◆ DATA EXCERPTS
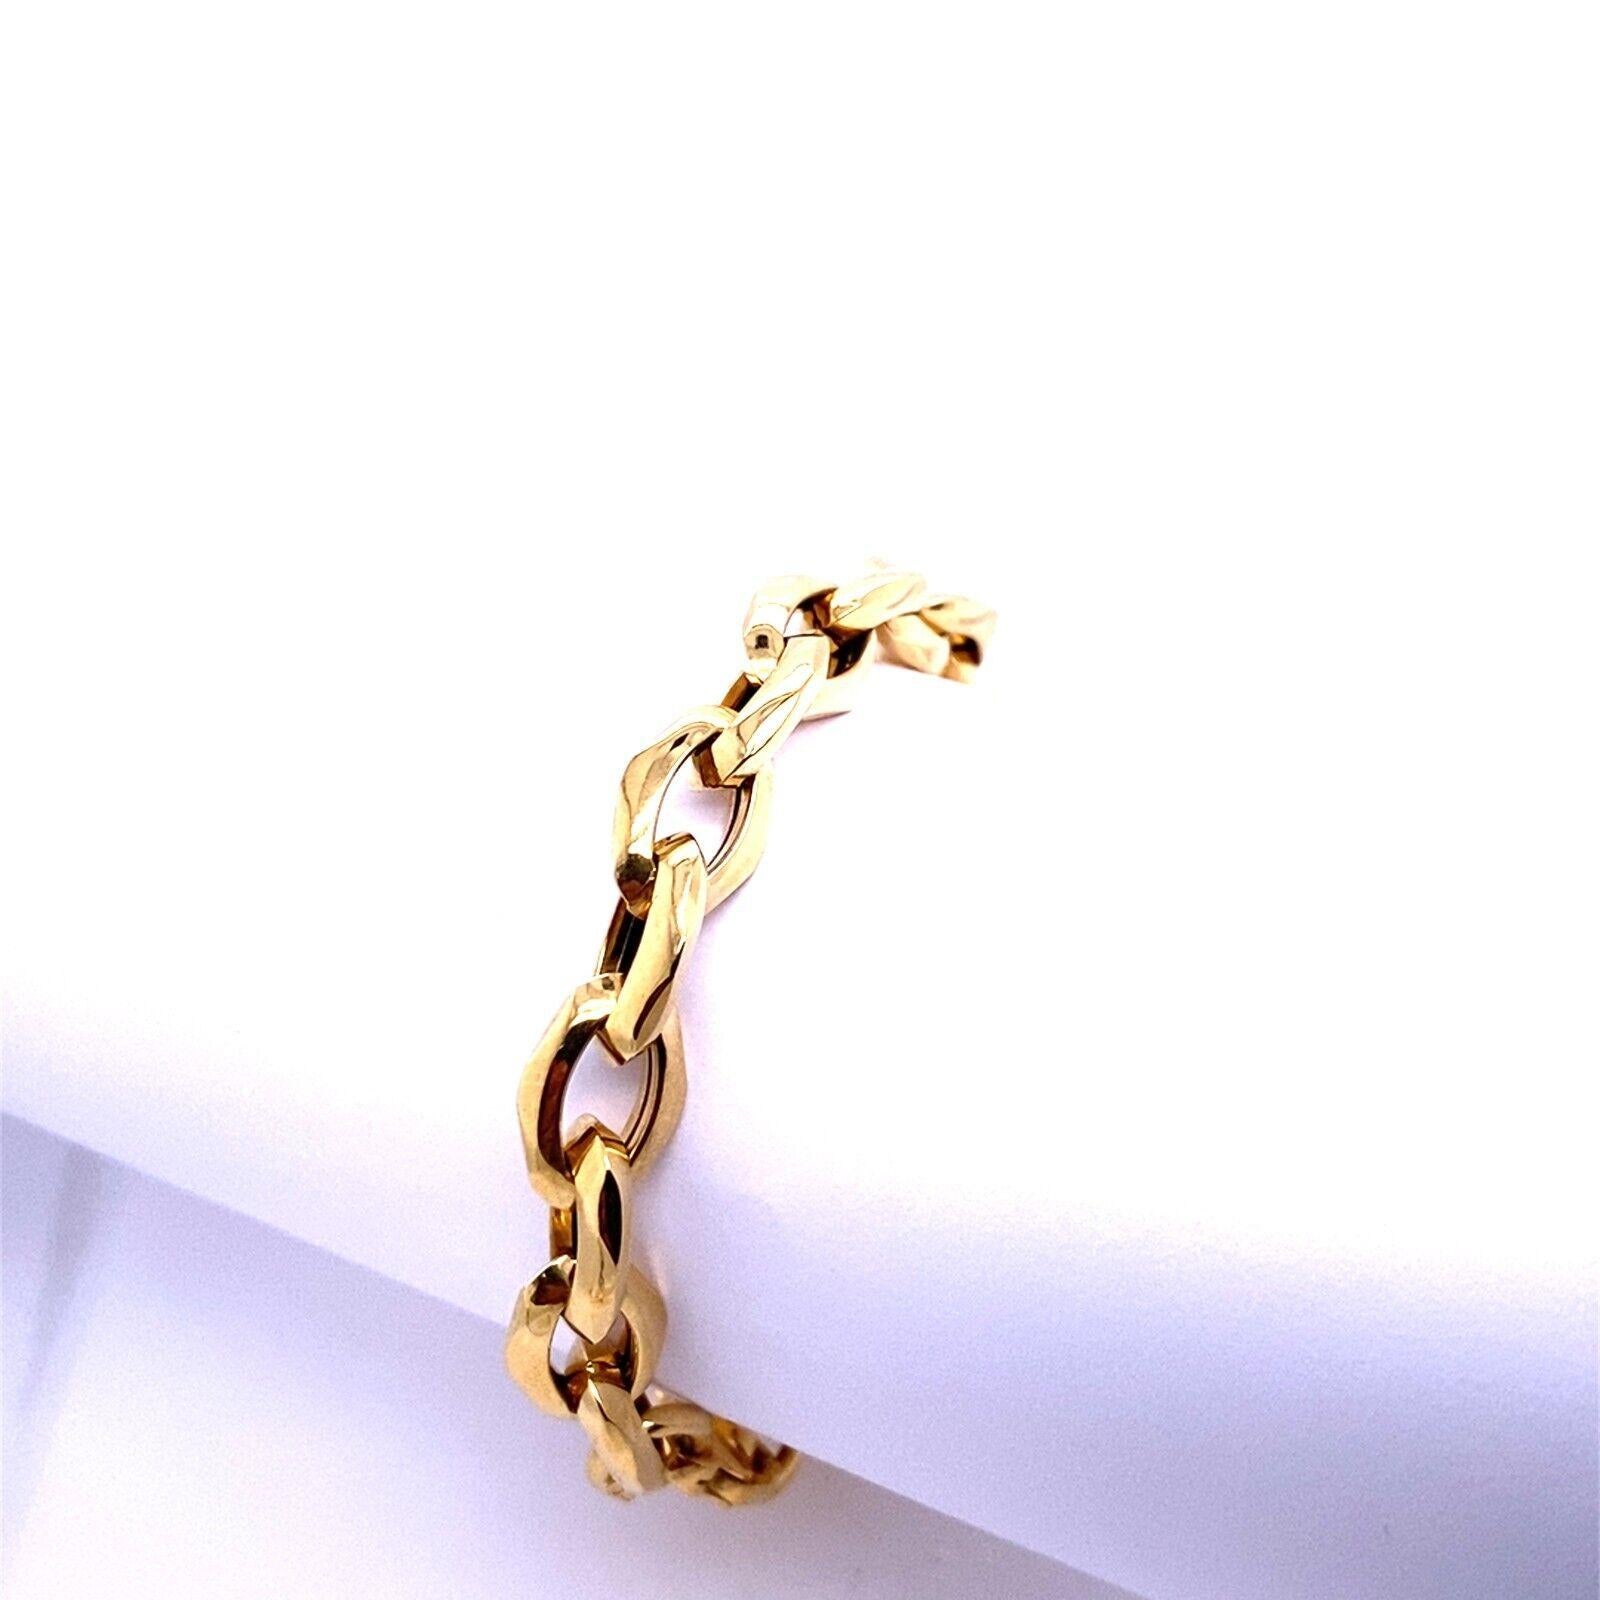 Bracelet with Lobster Clasp in 18ct Yellow Gold

A bracelet that will always be in style, thanks to its elegant design. The bracelet is made from 18ct Yellow Gold and has a lobster clasp.

Additional Information:
Bracelet Length: 7 1/4''
Bracelet

◆ WHAT TO PRODUCE
With the pictures removed, return each record above exactly as given.

◆ ANSWER BOX
 Bracelet with Lobster Clasp in 18ct Yellow Gold

A bracelet that will always be in style, thanks to its elegant design. The bracelet is made from 18ct Yellow Gold and has a lobster clasp.

Additional Information:
Bracelet Length: 7 1/4''
Bracelet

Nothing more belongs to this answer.